What's the difference between an event handler and an event listener?
Up until recently I considered them to be different names for the same thing: a function that's called when an event occurs. But I read something recently that referred to the event handler as the DOM element to which the event listener was bound, which would make sense.
What is an Event ? JavaScript's interaction with HTML is handled through events that occur when the user or the browser manipulates a page. When the page loads, it is called an event. When the user clicks a button, that click too is an event.
These events by default use bubbling propagation i.e, upwards in the DOM from children to parent. We can bind events either as inline or in an external script. These are some javascript events: 1) onclick events: This is a mouse event and provokes any logic defined if the user clicks on the element it is bound to.
Just to be perfectly clear, the language itself does not have the concept of events. These are part of the DOM.
Event Handler: An asynchronous callback that is invoked when an event is raised. Event Listener: An object that implements an interface and has events "pushed" to it.

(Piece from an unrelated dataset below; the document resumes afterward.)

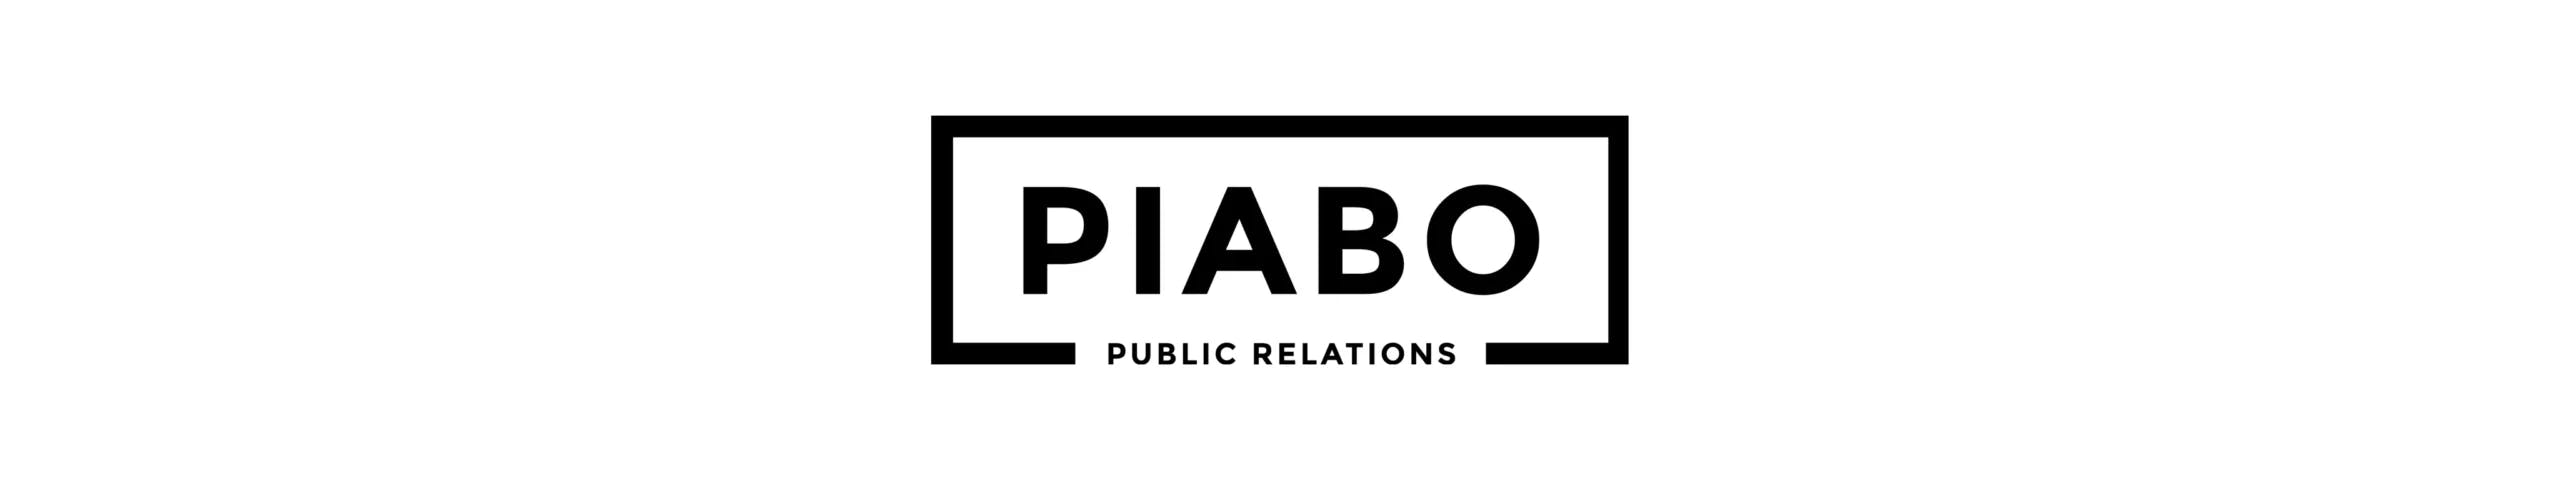 Interview auf Speed mit “PIABO PR”

In the context of DOM events the interface used is this:
interface EventListener {
void handleEvent(in Event evt);
};
Then you register a listener like this:
target.addEventListener(type, listener, useCapture);
Here is the documentation from MDC:
listener: The object that receives a notification when an event of the specified type occurs. This must be an object implementing the EventListener interface, or simply a JavaScript function.
So it looks like function objects implicitly implement EventListener for ease of use.
Analogies
Think of Event Handler as giving the mailman instructions.
I don't want to have to wait for you to stop by so I want you to give the package to my spouse so they can open it.
Think of Event Listener as waiting to see your doctor.
I will be listening for a notification that you are ready to see me. Until then I'll be reading a magazine.
At the end of the day though these are simply abstractions for
Hey, I want you to execute this code!
Resources
Event Handler
Observer Pattern
In the context of JavaScript, I tend to use them interchangeably. I think the majority of JavaScript developers would consider them to mean the same thing: a function that is called when a particular event occurs. I and I think others would be confused if you referred to the event's target DOM node as the "event handler".
EDIT
"Event listener" has a particular meaning within the DOM Level 2 Events specification. The listener
parameter of the addEventListener
and removeEventListener
methods of event targets (such as elements) is of type EventListener
, which is specified as an interface containing a single handleEvent
method. However, JavaScript having no concept of interfaces, in the ECMAScript Binding section, it specifies:
Object EventListener This is an ECMAScript function reference. This method has no return value. The parameter is a Event object.
So in JavaScript, it seems clear an event listener is a function that is called when an event occurs.
"Event handlers" are also mentioned in the Scripts section of the HTML 4.01 specification, which is alluded to in the DOM Level 2 Events specification (emphasis mine):
1.3.2. Interaction with HTML 4.0 event listeners ... In order to achieve compatibility with HTML 4.0, implementors may view the setting of attributes which represent event handlers as the creation and registration of an EventListener on the EventTarget.
It seems clear from this that the two terms mean essentially the same thing in the JavaScript world.